Give back the full data, retyped precisely.

· · · · ·

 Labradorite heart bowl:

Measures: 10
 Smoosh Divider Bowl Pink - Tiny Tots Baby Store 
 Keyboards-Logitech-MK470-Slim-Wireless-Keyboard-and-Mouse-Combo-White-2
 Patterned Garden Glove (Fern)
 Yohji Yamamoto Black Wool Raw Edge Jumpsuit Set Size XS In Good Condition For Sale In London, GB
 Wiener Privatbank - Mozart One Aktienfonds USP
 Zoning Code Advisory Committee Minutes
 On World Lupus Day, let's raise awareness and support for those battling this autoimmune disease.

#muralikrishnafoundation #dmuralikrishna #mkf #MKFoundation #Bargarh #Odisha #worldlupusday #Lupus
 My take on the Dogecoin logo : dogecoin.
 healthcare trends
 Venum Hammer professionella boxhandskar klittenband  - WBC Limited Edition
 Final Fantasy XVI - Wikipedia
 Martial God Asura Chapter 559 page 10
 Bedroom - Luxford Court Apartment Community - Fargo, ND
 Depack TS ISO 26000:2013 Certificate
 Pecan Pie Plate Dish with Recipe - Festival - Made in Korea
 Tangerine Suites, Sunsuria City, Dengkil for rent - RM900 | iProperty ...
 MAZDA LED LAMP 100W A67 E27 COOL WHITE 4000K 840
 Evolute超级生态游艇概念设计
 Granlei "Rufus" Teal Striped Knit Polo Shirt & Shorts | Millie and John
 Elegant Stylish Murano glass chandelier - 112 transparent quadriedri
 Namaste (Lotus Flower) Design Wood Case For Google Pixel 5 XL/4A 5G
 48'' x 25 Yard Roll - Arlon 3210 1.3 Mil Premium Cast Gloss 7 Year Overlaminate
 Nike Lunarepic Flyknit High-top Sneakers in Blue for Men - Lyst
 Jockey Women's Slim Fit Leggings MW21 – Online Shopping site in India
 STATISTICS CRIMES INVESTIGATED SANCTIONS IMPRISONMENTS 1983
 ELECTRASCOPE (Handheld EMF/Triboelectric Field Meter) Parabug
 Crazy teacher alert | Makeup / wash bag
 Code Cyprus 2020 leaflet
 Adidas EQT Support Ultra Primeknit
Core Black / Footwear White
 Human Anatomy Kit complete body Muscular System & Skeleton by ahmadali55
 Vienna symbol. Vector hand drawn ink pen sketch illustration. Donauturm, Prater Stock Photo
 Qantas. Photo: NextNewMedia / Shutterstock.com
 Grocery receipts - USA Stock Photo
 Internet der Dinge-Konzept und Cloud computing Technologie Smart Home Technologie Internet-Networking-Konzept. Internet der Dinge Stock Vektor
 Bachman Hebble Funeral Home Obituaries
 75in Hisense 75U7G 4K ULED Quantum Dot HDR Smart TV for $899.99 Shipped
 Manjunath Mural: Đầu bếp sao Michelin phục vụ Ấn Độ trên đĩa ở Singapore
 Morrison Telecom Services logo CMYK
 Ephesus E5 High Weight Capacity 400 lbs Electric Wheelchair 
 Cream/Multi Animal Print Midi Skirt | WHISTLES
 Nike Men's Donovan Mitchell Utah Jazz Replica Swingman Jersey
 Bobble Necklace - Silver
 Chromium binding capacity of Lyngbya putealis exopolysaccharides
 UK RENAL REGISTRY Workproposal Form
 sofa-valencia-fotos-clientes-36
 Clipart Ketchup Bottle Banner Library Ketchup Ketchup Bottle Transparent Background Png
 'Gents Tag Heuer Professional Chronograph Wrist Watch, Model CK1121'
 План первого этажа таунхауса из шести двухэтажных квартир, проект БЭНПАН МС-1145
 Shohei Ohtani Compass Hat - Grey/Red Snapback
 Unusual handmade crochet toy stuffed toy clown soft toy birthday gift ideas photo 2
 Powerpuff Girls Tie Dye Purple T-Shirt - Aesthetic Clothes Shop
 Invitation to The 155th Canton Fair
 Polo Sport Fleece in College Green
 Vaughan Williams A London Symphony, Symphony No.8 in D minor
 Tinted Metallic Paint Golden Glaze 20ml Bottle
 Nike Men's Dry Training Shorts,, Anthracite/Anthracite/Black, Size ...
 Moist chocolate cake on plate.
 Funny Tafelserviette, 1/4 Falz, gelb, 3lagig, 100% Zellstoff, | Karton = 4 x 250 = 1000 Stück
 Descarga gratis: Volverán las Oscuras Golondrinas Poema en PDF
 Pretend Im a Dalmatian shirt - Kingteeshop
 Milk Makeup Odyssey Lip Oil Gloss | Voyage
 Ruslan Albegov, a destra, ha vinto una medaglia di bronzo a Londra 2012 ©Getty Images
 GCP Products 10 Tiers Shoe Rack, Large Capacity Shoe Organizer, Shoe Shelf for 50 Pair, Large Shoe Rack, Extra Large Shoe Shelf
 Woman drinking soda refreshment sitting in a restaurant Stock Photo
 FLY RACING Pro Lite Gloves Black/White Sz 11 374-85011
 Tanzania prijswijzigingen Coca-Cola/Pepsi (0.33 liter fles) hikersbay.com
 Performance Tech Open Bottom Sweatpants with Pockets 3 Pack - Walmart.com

· · · · ·

▶ [TASK SOLUTION]:
 Labradorite heart bowl:

Measures: 10
 Smoosh Divider Bowl Pink - Tiny Tots Baby Store 
 Keyboards-Logitech-MK470-Slim-Wireless-Keyboard-and-Mouse-Combo-White-2
 Patterned Garden Glove (Fern)
 Yohji Yamamoto Black Wool Raw Edge Jumpsuit Set Size XS In Good Condition For Sale In London, GB
 Wiener Privatbank - Mozart One Aktienfonds USP
 Zoning Code Advisory Committee Minutes
 On World Lupus Day, let's raise awareness and support for those battling this autoimmune disease.

#muralikrishnafoundation #dmuralikrishna #mkf #MKFoundation #Bargarh #Odisha #worldlupusday #Lupus
 My take on the Dogecoin logo : dogecoin.
 healthcare trends
 Venum Hammer professionella boxhandskar klittenband  - WBC Limited Edition
 Final Fantasy XVI - Wikipedia
 Martial God Asura Chapter 559 page 10
 Bedroom - Luxford Court Apartment Community - Fargo, ND
 Depack TS ISO 26000:2013 Certificate
 Pecan Pie Plate Dish with Recipe - Festival - Made in Korea
 Tangerine Suites, Sunsuria City, Dengkil for rent - RM900 | iProperty ...
 MAZDA LED LAMP 100W A67 E27 COOL WHITE 4000K 840
 Evolute超级生态游艇概念设计
 Granlei "Rufus" Teal Striped Knit Polo Shirt & Shorts | Millie and John
 Elegant Stylish Murano glass chandelier - 112 transparent quadriedri
 Namaste (Lotus Flower) Design Wood Case For Google Pixel 5 XL/4A 5G
 48'' x 25 Yard Roll - Arlon 3210 1.3 Mil Premium Cast Gloss 7 Year Overlaminate
 Nike Lunarepic Flyknit High-top Sneakers in Blue for Men - Lyst
 Jockey Women's Slim Fit Leggings MW21 – Online Shopping site in India
 STATISTICS CRIMES INVESTIGATED SANCTIONS IMPRISONMENTS 1983
 ELECTRASCOPE (Handheld EMF/Triboelectric Field Meter) Parabug
 Crazy teacher alert | Makeup / wash bag
 Code Cyprus 2020 leaflet
 Adidas EQT Support Ultra Primeknit
Core Black / Footwear White
 Human Anatomy Kit complete body Muscular System & Skeleton by ahmadali55
 Vienna symbol. Vector hand drawn ink pen sketch illustration. Donauturm, Prater Stock Photo
 Qantas. Photo: NextNewMedia / Shutterstock.com
 Grocery receipts - USA Stock Photo
 Internet der Dinge-Konzept und Cloud computing Technologie Smart Home Technologie Internet-Networking-Konzept. Internet der Dinge Stock Vektor
 Bachman Hebble Funeral Home Obituaries
 75in Hisense 75U7G 4K ULED Quantum Dot HDR Smart TV for $899.99 Shipped
 Manjunath Mural: Đầu bếp sao Michelin phục vụ Ấn Độ trên đĩa ở Singapore
 Morrison Telecom Services logo CMYK
 Ephesus E5 High Weight Capacity 400 lbs Electric Wheelchair 
 Cream/Multi Animal Print Midi Skirt | WHISTLES
 Nike Men's Donovan Mitchell Utah Jazz Replica Swingman Jersey
 Bobble Necklace - Silver
 Chromium binding capacity of Lyngbya putealis exopolysaccharides
 UK RENAL REGISTRY Workproposal Form
 sofa-valencia-fotos-clientes-36
 Clipart Ketchup Bottle Banner Library Ketchup Ketchup Bottle Transparent Background Png
 'Gents Tag Heuer Professional Chronograph Wrist Watch, Model CK1121'
 План первого этажа таунхауса из шести двухэтажных квартир, проект БЭНПАН МС-1145
 Shohei Ohtani Compass Hat - Grey/Red Snapback
 Unusual handmade crochet toy stuffed toy clown soft toy birthday gift ideas photo 2
 Powerpuff Girls Tie Dye Purple T-Shirt - Aesthetic Clothes Shop
 Invitation to The 155th Canton Fair
 Polo Sport Fleece in College Green
 Vaughan Williams A London Symphony, Symphony No.8 in D minor
 Tinted Metallic Paint Golden Glaze 20ml Bottle
 Nike Men's Dry Training Shorts,, Anthracite/Anthracite/Black, Size ...
 Moist chocolate cake on plate.
 Funny Tafelserviette, 1/4 Falz, gelb, 3lagig, 100% Zellstoff, | Karton = 4 x 250 = 1000 Stück
 Descarga gratis: Volverán las Oscuras Golondrinas Poema en PDF
 Pretend Im a Dalmatian shirt - Kingteeshop
 Milk Makeup Odyssey Lip Oil Gloss | Voyage
 Ruslan Albegov, a destra, ha vinto una medaglia di bronzo a Londra 2012 ©Getty Images
 GCP Products 10 Tiers Shoe Rack, Large Capacity Shoe Organizer, Shoe Shelf for 50 Pair, Large Shoe Rack, Extra Large Shoe Shelf
 Woman drinking soda refreshment sitting in a restaurant Stock Photo
 FLY RACING Pro Lite Gloves Black/White Sz 11 374-85011
 Tanzania prijswijzigingen Coca-Cola/Pepsi (0.33 liter fles) hikersbay.com
 Performance Tech Open Bottom Sweatpants with Pockets 3 Pack - Walmart.com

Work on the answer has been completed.